Oversized Black Wool Coat
The definitive Yamamoto garment — an oversized black coat that creates space between body and fabric, allowing the garment to move as an independent architectural form.
No single piece defines Yohji Yamamoto more completely than the oversized black wool coat that has appeared, in variations, across five decades of collections. Crafted from his signature wool wrinkled gabardine — a fabric whose slightly creased surface highlights the natural texture of wool rather than concealing it — the coat hangs from the shoulders in volumes that have nothing to do with the body underneath. The silhouette is closer to shelter than to clothing: a cocoon, an enclosure, a portable room that the wearer inhabits rather than wears. Large hoods or dramatic collars frame the face without constraining it. Buttons or hidden closures run up the front. The draping is exquisite and entirely non-Western, rejecting the tailored silhouette’s insistence on revealing the body’s shape in favor of creating a new shape that belongs to the garment alone.

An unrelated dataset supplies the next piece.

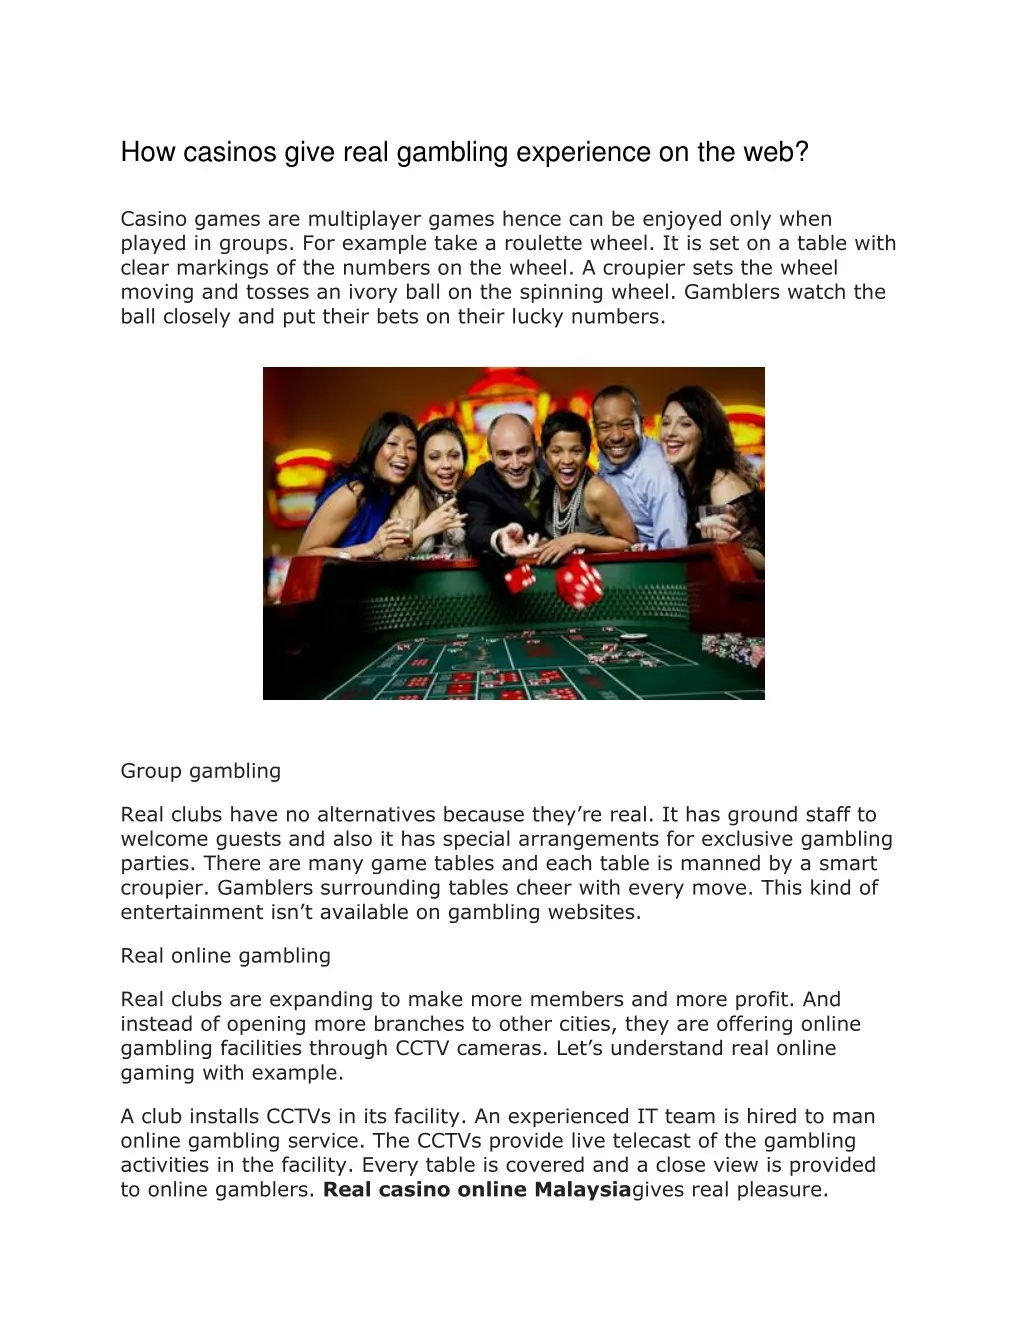 how casinos give real gambling experience

Yamamoto’s greatest contribution to fashion may be the use of black, which he has executed with more conviction and more range than anyone in the history of the discipline. But the oversized coat is the vehicle through which that commitment achieves its fullest expression. The space between body and fabric — the air trapped inside the coat’s generous volume — is not empty but active, a material in its own right that changes as the wearer moves. This approach challenged Western fashion’s fundamental assumption that clothing exists to reveal and accentuate the body, proposing instead that the most beautiful relationship between body and garment is one of mutual independence.
Vintage examples from the 1980s and 1990s range from four hundred to over two thousand dollars through specialist dealers and auction houses. The coat remains in production across Yamamoto’s mainline and Y’s diffusion labels, proof that the most radical garment in his vocabulary is also the most enduring.